Zeki Fryers Percaya Manchester United Bukan Segalanya – Pemain yang baru berusia 21 tahun itu meninggalkan Old Trafford dan pergi ke Standard Liege dalam satu situasi dan kondisi yang sengit pada musim panas 2012 lalu sebelum akhirnya pemain muda itu pindah ke Tottenham Hotspur, akan tetapi dirinya menegaskan bahwa tidak ada penyesalan sama sekali.

Zeki Fryers percaya dan yakin bahwa perkembangannya di Tottenham Hotspur telah membuktikan bahwa pemain muda bisa meninggalkan Manchester United dan masih bisa menjadi sukses.

Fryers membuat satu keputusan yang berani dengan meninggalkan Old Trafford dalam satu situasi yang sengit untuk bergabung bersama dengan klub raksasa asal Belgia yaitu Standard Liege pada musim panas 2012 lalu, akan tetapi hanya bermain sebanyak tujuh laga dalam enam bulan sebelum akhirnya kembali ke Inggris dan bermain bersama dengan Tottenham pada bulan Januari 2013.

Pemain yang berusia 21 tahun itu termasuk ke dalam skuat dalam perjalanan yang sangat mengesankan Spurs dalam kompetisi Liga Europa dan telah menjadi pemain starter untuk pertama kalinya di Liga Premier Inggris ketika Spurs melawan Stoke City pada hari Minggu lalu.

Dan Fryers, yang mengatakan bahwa dirinya masih berbicara secara teratur dengan mantan rekan setimnya di United yaitu Ravel Morrison, percaya bahwa jalan karirnya telah membuatnya menjadi pemain yang lebih baik daripada orang yang meninggalkan juara bertahan Liga Premier Inggris.

“Saya ingin satu petualangan yang baru.”

“Ada hal-hal tertentu (di United) yang tidak berjalan sesuai dengan cara saya dan saya pikir sudah waktunya untuk pindah. Saya meninggalkan beberapa teman di sana dan beberapa dari mereka melakukannya dengan baik, akan tetapi itu hanya sepak bola.”

“Saya ingin pergi ke luar negeri untuk memajukan karir saya karena jarang ada orang Inggris yang pergi ke luar negeri, oleh karena itu saya ingin mencoba sesuatu yang baru.”

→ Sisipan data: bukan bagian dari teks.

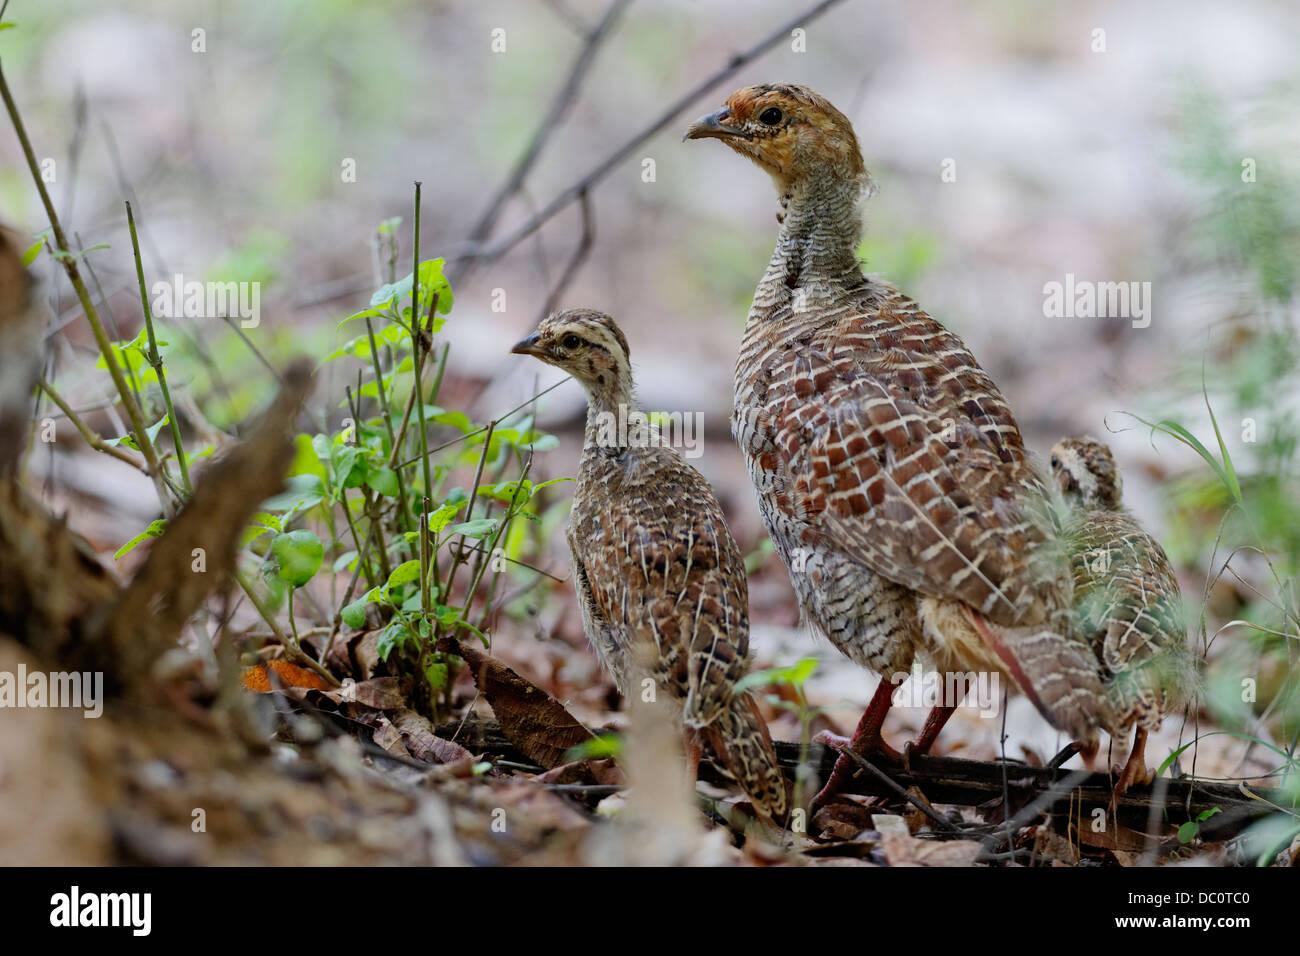 Grey Francolin Partridges (Francolinus pondicerianus) at Ranthambhore National Park, Rajasthan, India. - Stock Image

“(Liege) adalah satu pengalaman yang hebat, dan kemudian pada bulan Januari ada beberapa pilihan dan Spurs adalah pilihan yang terbaik untuk memajukan karir saya.”

“Saya merasa bahwa saya ingin lebih terlibat di tim pertama. Saya datang ke sini dan terlibat secara teratur. Banyak orang mengatakan bahwa ketika kamu meninggalkan United maka kamu akan turun, akan tetapi saya pikir saya sudah naik.”

Langkah Fryers pindah ke Tottenham mendatangkan murka dari Sir Alex Ferguson – Spurs pada awalnya mencoba untuk mengontraknya langsung pemain tersebut dari United akan tetapi tidak terpenuhinya paket kompensasi yang dirasakan sesuai, yang kemudian dapat mendapatkan Fryers dari Liege enam bulan kemudian – akan tetapi pemain berusia 21 tahun itu bersikeras bahwa tidak ada yang curang dalam kepindahannya.

“Akan selalu ada tuduhan, akan tetapi setelah selesai di Belgia saya baru memutuskan bahwa Spurs adalah yang terbaik untuk perkembangan saya.”

“Saya berbicara dengan (Sir Alex) dan merasa sudah saatnya bagi saya untuk pergi. Saya tidak mengatakan sesuatu yang tidak menghormati dirinya dan dia juga tidak.”